One of the most onerous aspects of the situation in the West Bank is the system of checkpoints which block Palestinians from getting to work, school, hospital or even to visit friends a few miles (sometimes a few blocks) away without being stopped and delayed, often for hours. This is well-known here in the United States, especially because the Bush administration has made clear that it wants many of the checkpoints removed. Less understood is that very few checkpoints separate Israel from the Palestinian areas. The overwhelming majority of them are internal barriers which serve not to protect Israel from terrorists but simply to ease life for settlers and which, in the process, make Palestinian lives miserable. In fact, no one suggests taking down any checkpoint or border crossing that separates Israel from the West Bank or Gaza. The entire controversy is over the internal checkpoints and their harmful effects on Palestinians trying to go about their lives.

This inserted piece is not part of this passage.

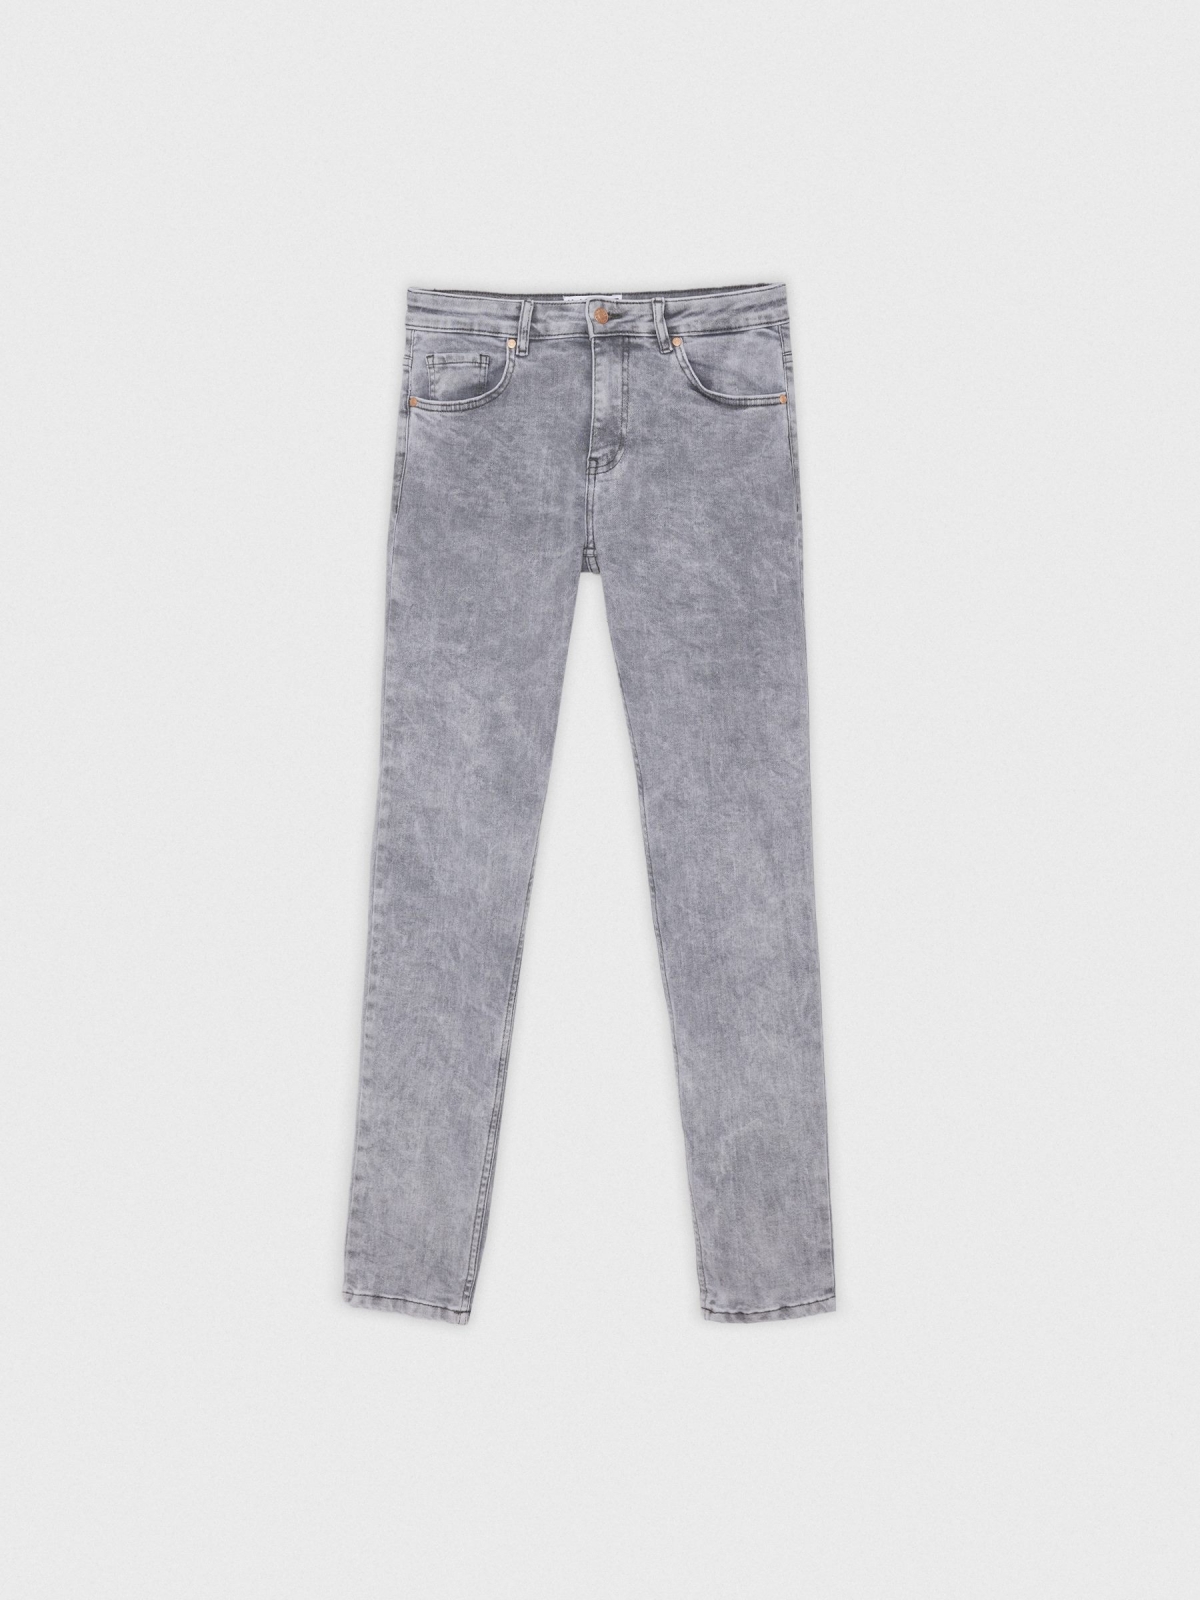  Basic gray skinny jeans grey

Terrible as the situation is, some people find humor in it, so ridiculous is the rationale for aspects of the checkpoint system.

Like this for instance: A “Hummous Hut” employee is stopped by a soldier who misunderstands “hummous” for “Hamas.” A woman driving with her dog is stopped at a checkpoint and explains that, while she does not have papers to enter Jerusalem, her dog does. These light-hearted vignettes—from the 2005 Oscar-winning short film A West Bank Story and Suad Amiry’s book Sharon and My Mother-in-Law, respectively—use humor to explain the physical barriers scattered throughout the West Bank in simple, human terms.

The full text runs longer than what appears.